Study Touts Biofuels Despite High Cost of Production

Reno, NV - In the latest issue of the Journal Science, researchers report that biofuel manufactured from corn and other plants is more energy-efficient than some experts had realized and it is time to start developing it as an alternative to fossil fuels.

The researchers said that most ethanol production is from corn crops, which use lots of petroleum based fuel and fertilizers and so its environmental benefits are not that great. The scientists suggested that alternative crops need to be considered for biofuel production that uses less fertilizer. Critics say biofuels like ethanol benefit the farm lobby more than it does the environment.

"We find that ethanol can, if it is made correctly, contribute significantly to both energy and environmental goals. However, the current way of producing ethanol with corn probably only meets energy goals," Alexander Farrell, a University of California Berkeley energy researcher said.
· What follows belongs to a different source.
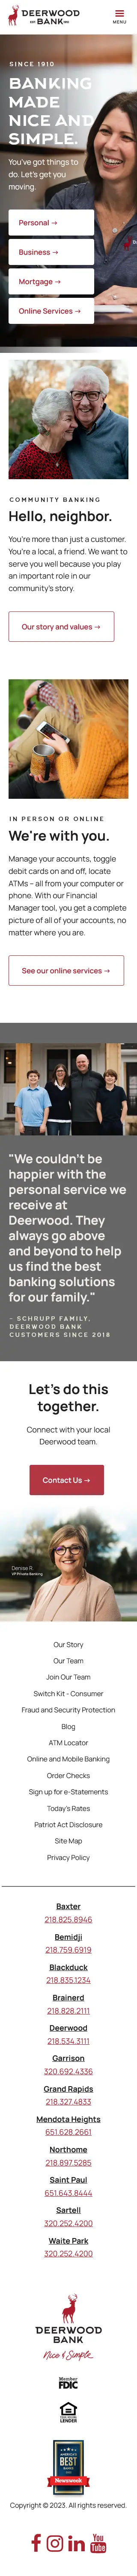 Deerwood Bank - Mobile

Farrell and his associates conducted the study on biofuels and found that there are ways manufacture ethanol fuel more efficiently.

In 2004, Farrell said that the amount of ethanol fuel manufactured and blended into gasoline in the United States equaled only 2 percent of the nation's total gasoline consumption and about 1.3 percent of its energy content. Farrell said it was possible to run a car on pure ethanol, that the technology exists but that making ethanol using current technology is expensive and contributes to pollution and greenhouse gases.

"The environmental cost comes entirely from making fertilizer, running the tractors over the farm and operating the biorefinery," Farrell said. Farrell and colleagues looked at six studies used to argue for and against the development of ethanol as an energy source.

He said that using cellulosic technology to break down the woody fiber parts of plants could in about five-years from now be applied commercially in a more effective manner than using corn. That it was a matter of the technology developing sufficiently to warrant its commercial viability.

Scientists from Imperial College London, Georgia Tech and Oak Ridge National Laboratory in Tennessee said they had teamed up to find ways to make a facility to do that.

Their facility would make a range of fuels, foods, chemicals, animal feeds, materials, heat and power using what is known as biomass -- a collection of renewable plant matter and biological material such as trees, grasses and agricultural crops.

"We're looking at a future for biomass where we use the entire plant and produce a range of different materials from it," Charlotte Williams of Imperial's Department of Chemistry said in a statement.

"Before we freeze in the dark, we must prepare to make the transition from nonrenewable carbon resources to renewable bioresources," her team wrote.

Even a British Petroleum (BP) scientist agreed with biofuel's potential saying that it had the capacity to generate as much as 30 percent of the world's fuel needs if it could be harnessed efficiently and the right crops were grown for energy production. The BP scientist even said that it would not interfere with the world's food crop production either.